On the latest Q&A version of the Grilling JR Podcast, Jim Ross talked about Vince McMahon’s age and whether or not he thinks McMahon will ever slow down. Ross said he’s worried about Vince’s health and believes he still runs the company as if he’s in his 20s.
“He’s not a spring chicken like the rest of us in that generation,” Ross said. “We all have to face up to the fact that we’re mortal and aging affects people differently. The thing about Vince at his age, he’s still working like he’s 25 years old, he doesn’t stop. He only works in days ending in Y and he has no time limits, there’s no requirements.
“You wonder sometimes how intense he is, as busy as he is, the responsibilities he has running a massive publicly traded company if it’s getting to be too much. I don’t know the answer to that question. I’m a lot more concerned about his health than him being able to run the company.”
Ross discussed how long he sees Vince running WWE until he finally stops. He said sometimes people have a happy place and somewhere they never want to leave or live without, and for Vince, that’s the WWE.
“He will run the company until they bury him,” Ross said. “I don’t think he will ever sell the company. I don’t think he’ll ever slow down to any large degree, that’s just not in his makeup. If he did, he would not be happy. I fully believe all people should strive to find their happy place and his happy place is working. It’s always been that way.
“I think that’s one of the things that’s made the company so successful. Vince’s unrelenting work ethic. Nobody in WWE has ever worked as hard as the owner. Nobody. He has no hobbies, he goes to the gym and he works. That’s it. The only thing I’m concerned about is Vince’s health. I wish him the best, he helped me a lot along the way no doubt, but you wonder sometimes are you doing what needs to be done or what you’re forcing yourself to do? It’s almost like an obsession with him to work.”
Ross talked about slowing down his work schedule himself and how much thought he’s put into it. He said he hasn’t thought about taking himself off the announce desk because he still loves the business. Ross noted that he and Vince share the same obsession for the business and that might be why he doesn’t see Vince leaving WWE ever.
“I’m leery of slowing down to any large degree,” Ross said. “I don’t want to take myself out of the game. I want to keep my energy and my focus and my love of the business. Sometimes, I’m a little bit obsessed at this stage of life still wanting to work. I can relate to what [Vince] is doing. He built that company so he doesn’t want to see that company do anything but great things. The error could be that he believes he’s the only guy that can make that happen.”
Ross recalled his commentating days in WWE where he and Jerry Lawler were the voice of wrestling for decades. He talked about Vince talking in his ear during matches and whether or not it would bother him.

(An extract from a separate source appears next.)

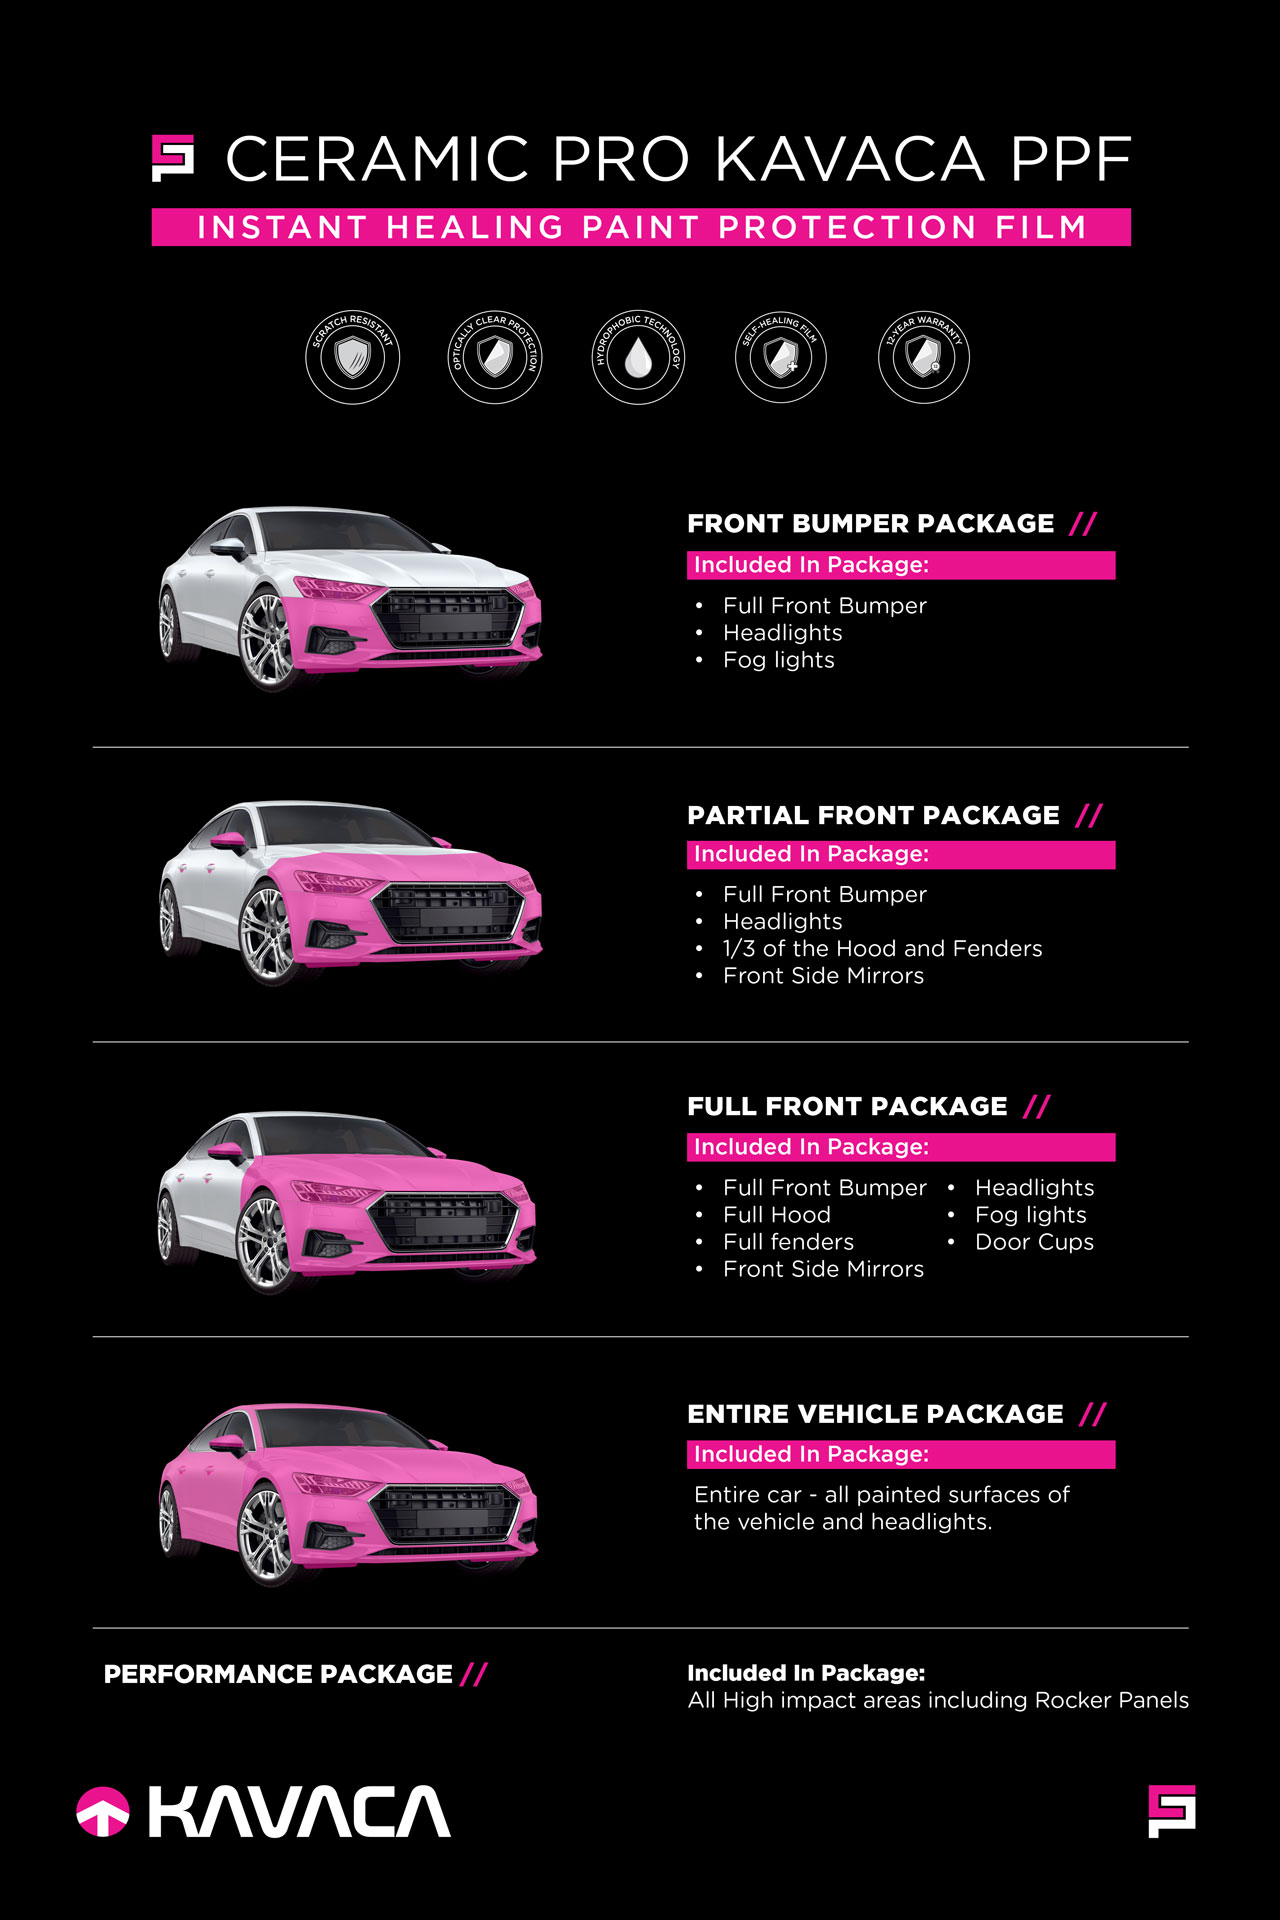 An outline of different areas you can install Ceramic Pro's KAVACA paint protection film.

“Of course it did, how could it not?” Ross said. “Vince would tell you what to say. Sometimes it would be ill timed, sometimes it would be right on the money. Just general stuff, normally it was critiquing live on air. Producing announced talent is an art-form, unless you’re the owner of the company then you can do whatever you want, say whatever you want, don’t worry about the morale of your talent and it was rough. It was very daunting, very challenging.
“Sometimes Vince would say ‘Hey Lawler’s having a bad night JR, you got to get him out of it,’ so it came to be my fault that Lawler was having a bad night from his perspective. To be honest with you, I don’t remember Lawler having too many bad nights. I was the guy [Vince] vented too. A lot of my peers, Mick Foley, Taz, Todd Grisham, it didn’t work for them and I can understand why. It was just hard to have someone in your ear, while you’re on the air live and you’re talking. Now you hear the ambient noise of the crowd, you hear yourself, you hear Lawler and you hear Vince.”
Ross was asked by a fan to give his opinion on the greatest family in the wrestling business and he named the McMahons. He says what Vince, his grandfather and father have done for wrestling across the world can’t be compared or diminished.
“What Vince did with WWF and all the evolutions, it’s hard not to rank the McMahons as the top family [in wrestling],” Ross said. “If you’re just talking about talents, certainly the Harts, Funks, Briscoe’s. There’s some amazing families but if you look at what family had the most impact on wrestling, my vote would be for the McMahons. They changed the business, they elevated pay. Those other families I mentioned didn’t have the impact on the business in total globally that the McMahons have created.”